[[ Task data open ]]

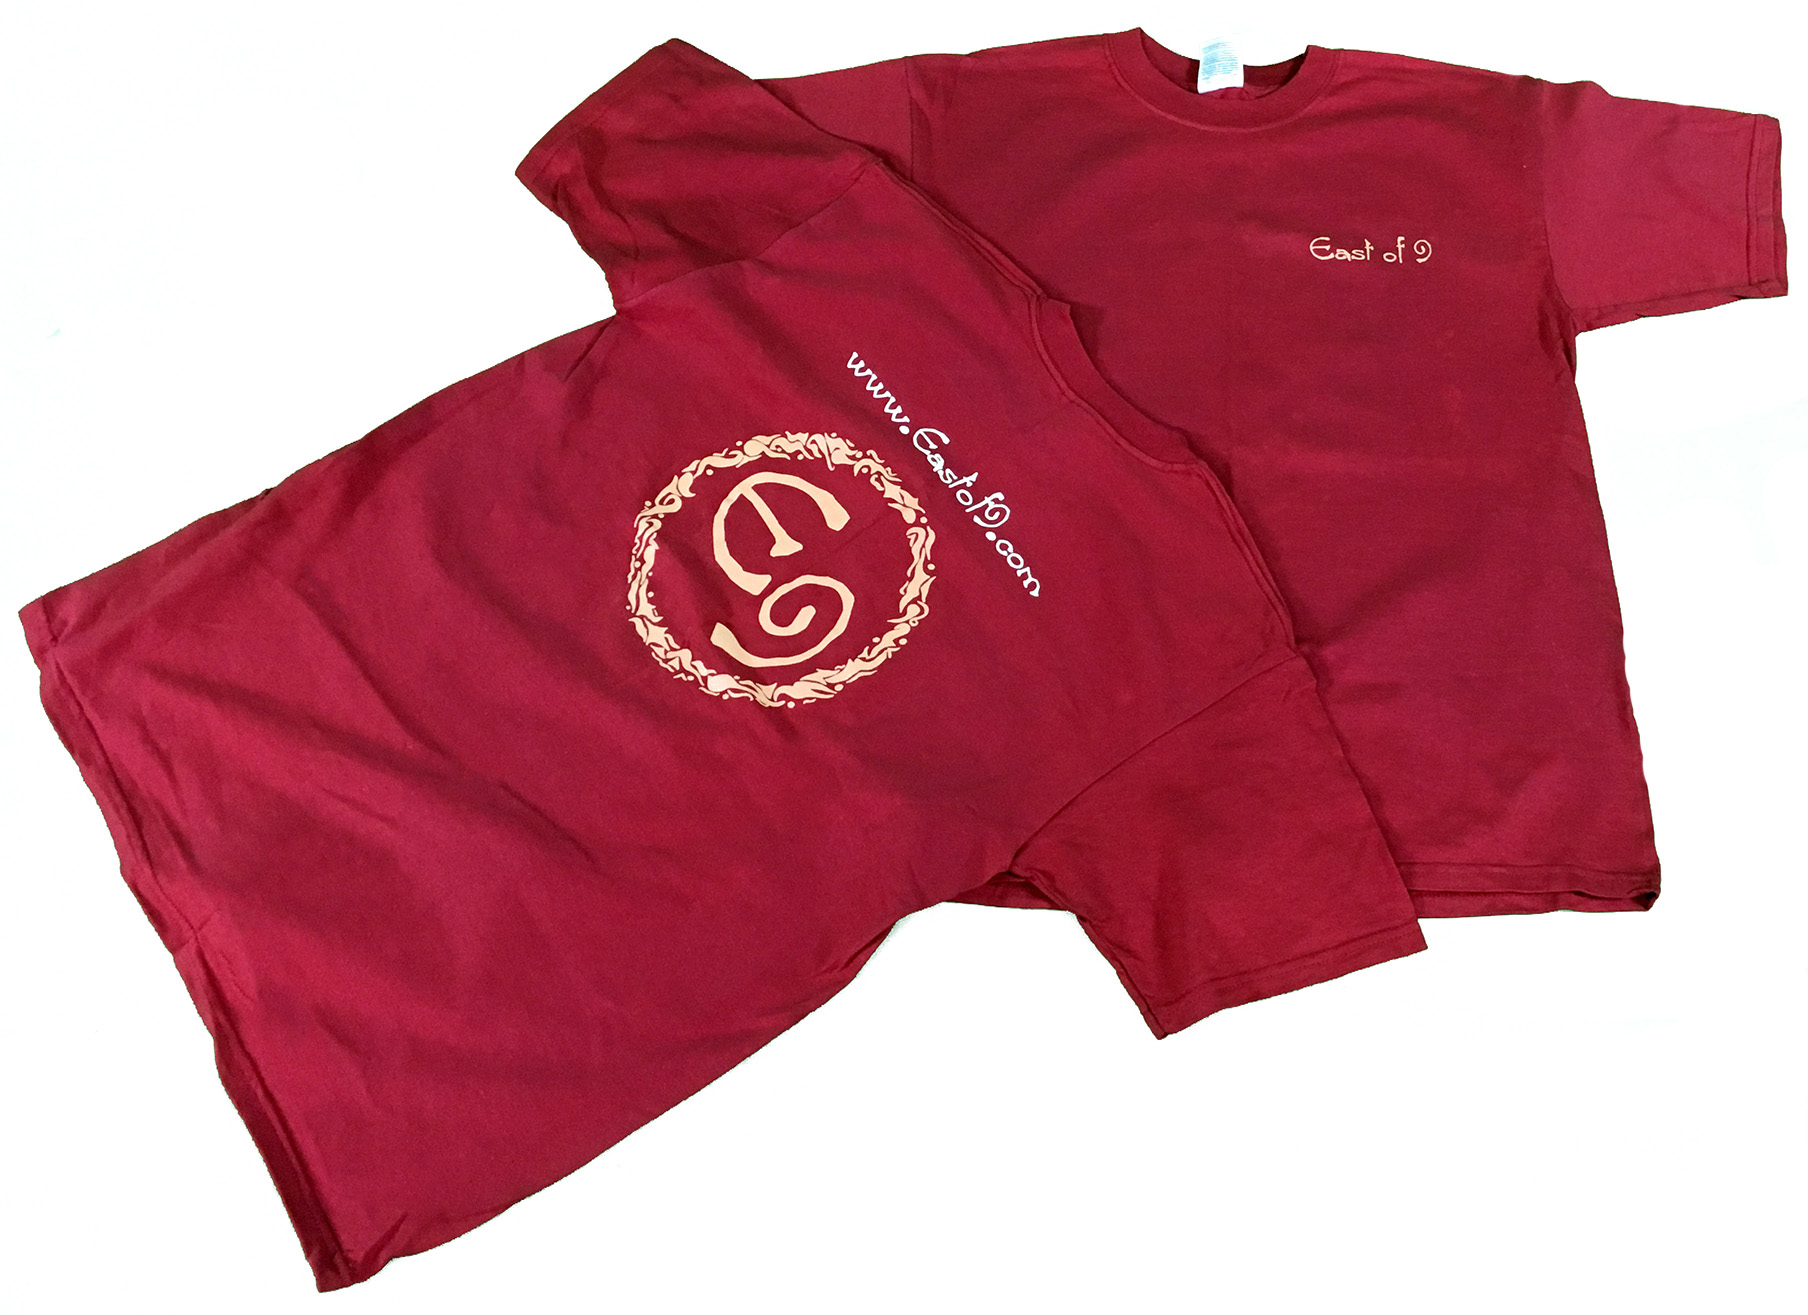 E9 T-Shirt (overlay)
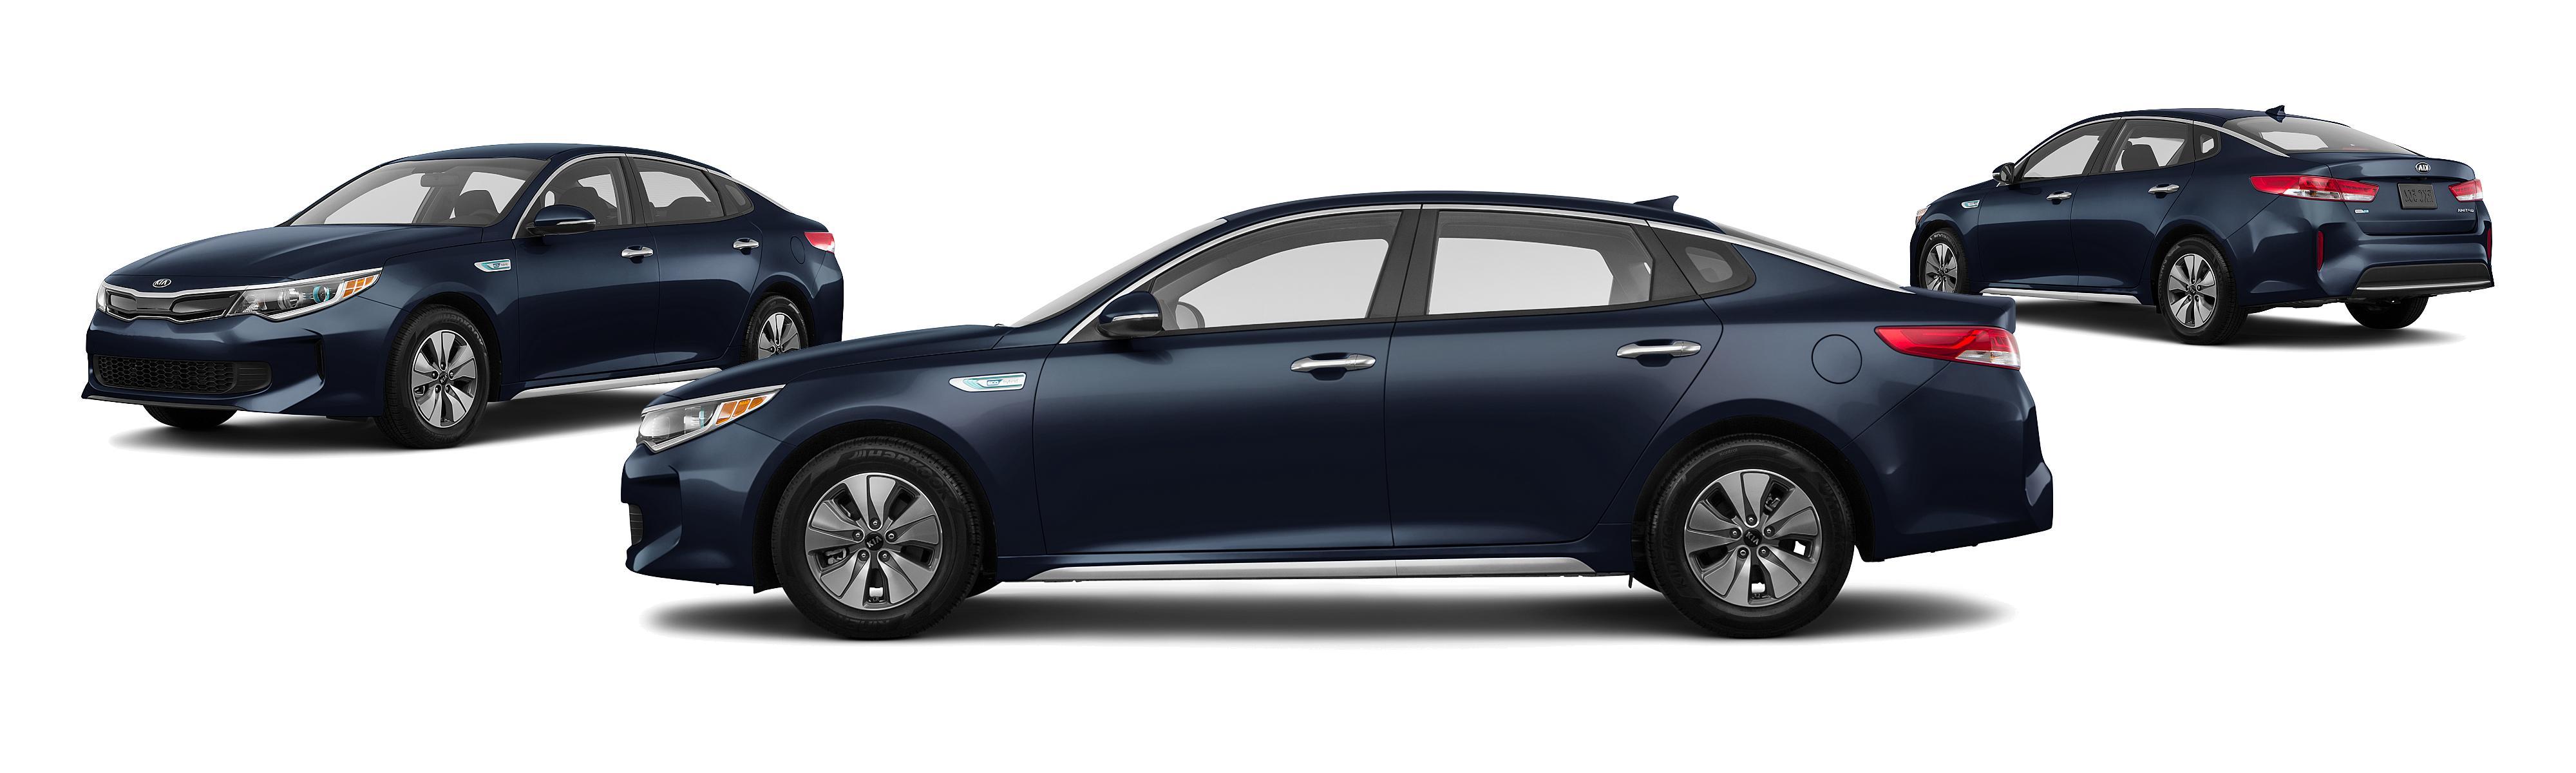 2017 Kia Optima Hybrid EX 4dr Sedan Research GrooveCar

[[ Task data closed ]]
[[ Task data open ]]

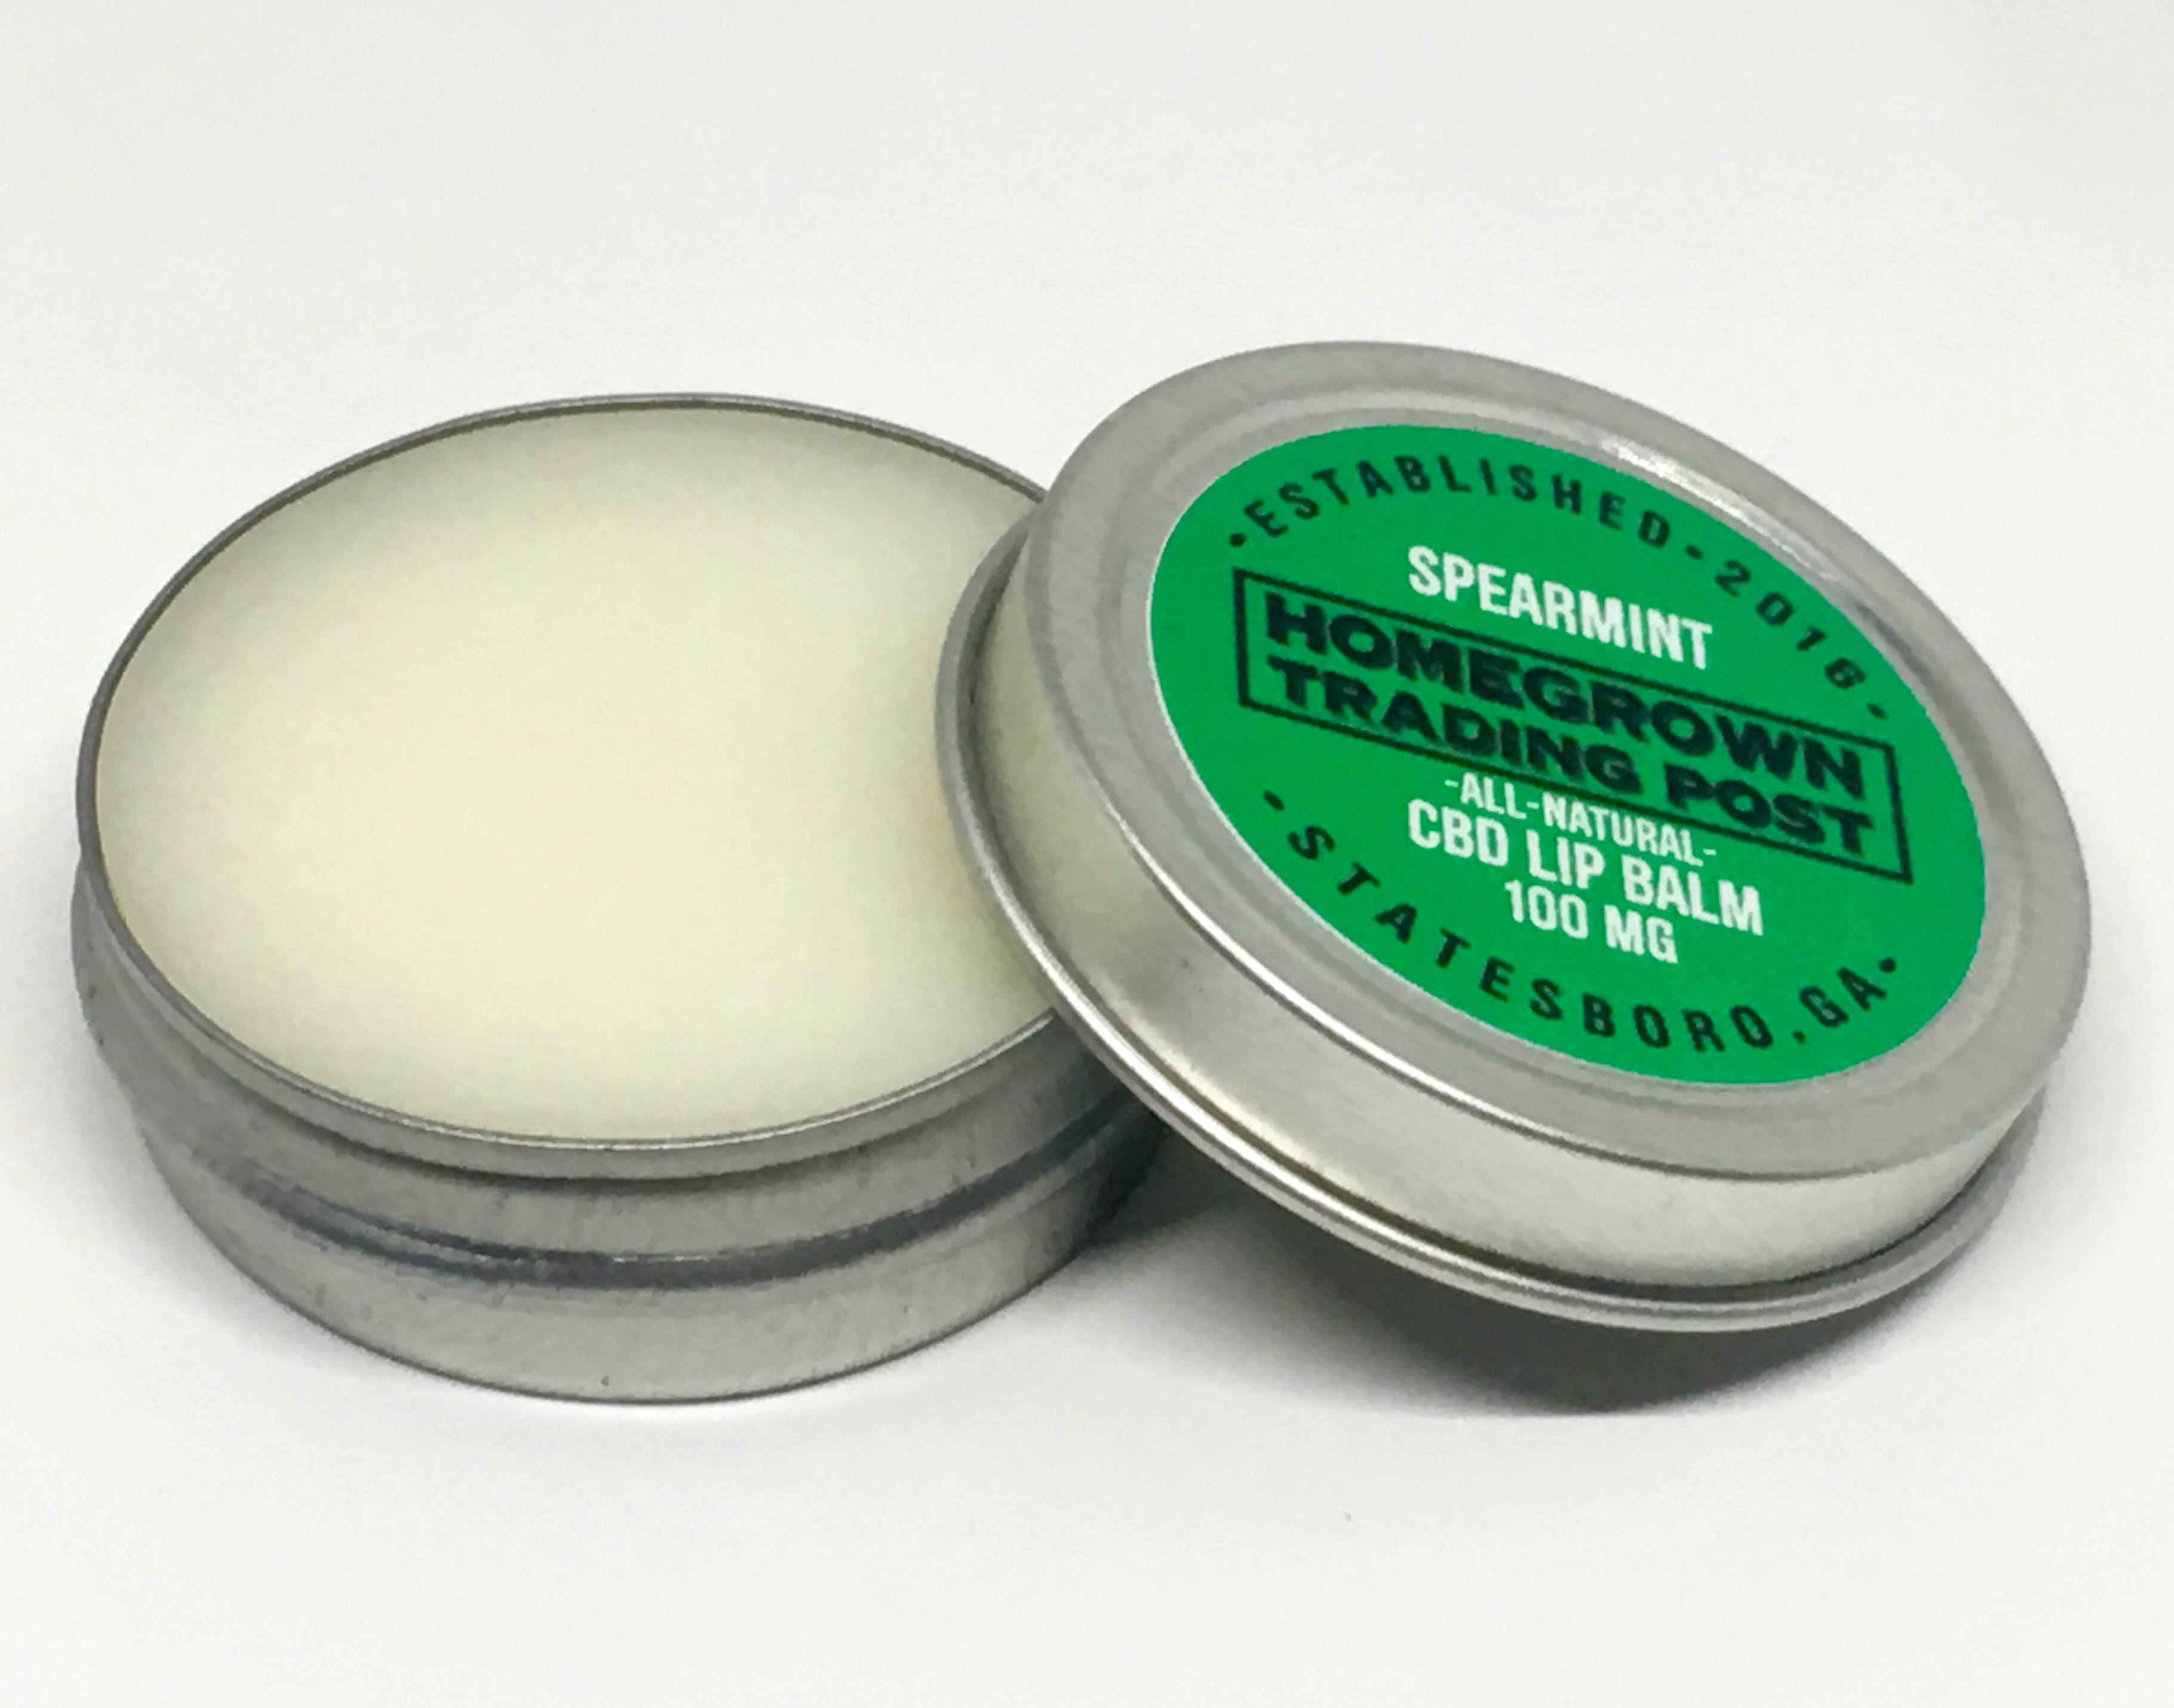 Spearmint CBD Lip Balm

[[ Task data closed ]]
[[ Task data open ]]

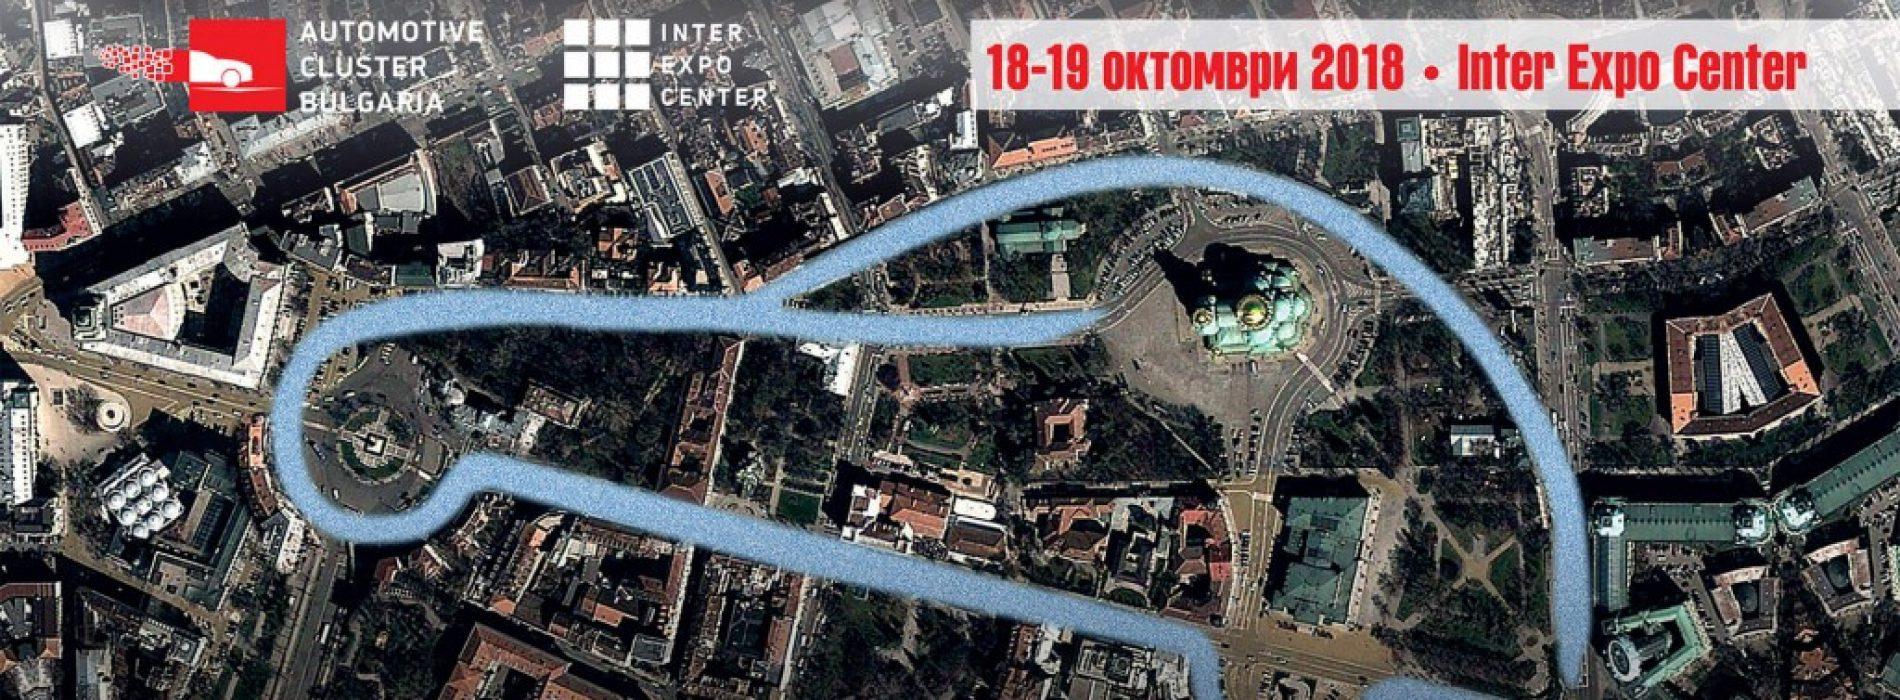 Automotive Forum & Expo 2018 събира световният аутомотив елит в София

[[ Task data closed ]]

Brief:
Skipping every picture, transcribe exactly the lines above from the one containing "E9 T-Shirt (overlay)" through the one containing "2017 Kia Optima", both included.

Your solution:
 E9 T-Shirt (overlay)
 2017 Kia Optima Hybrid EX 4dr Sedan Research GrooveCar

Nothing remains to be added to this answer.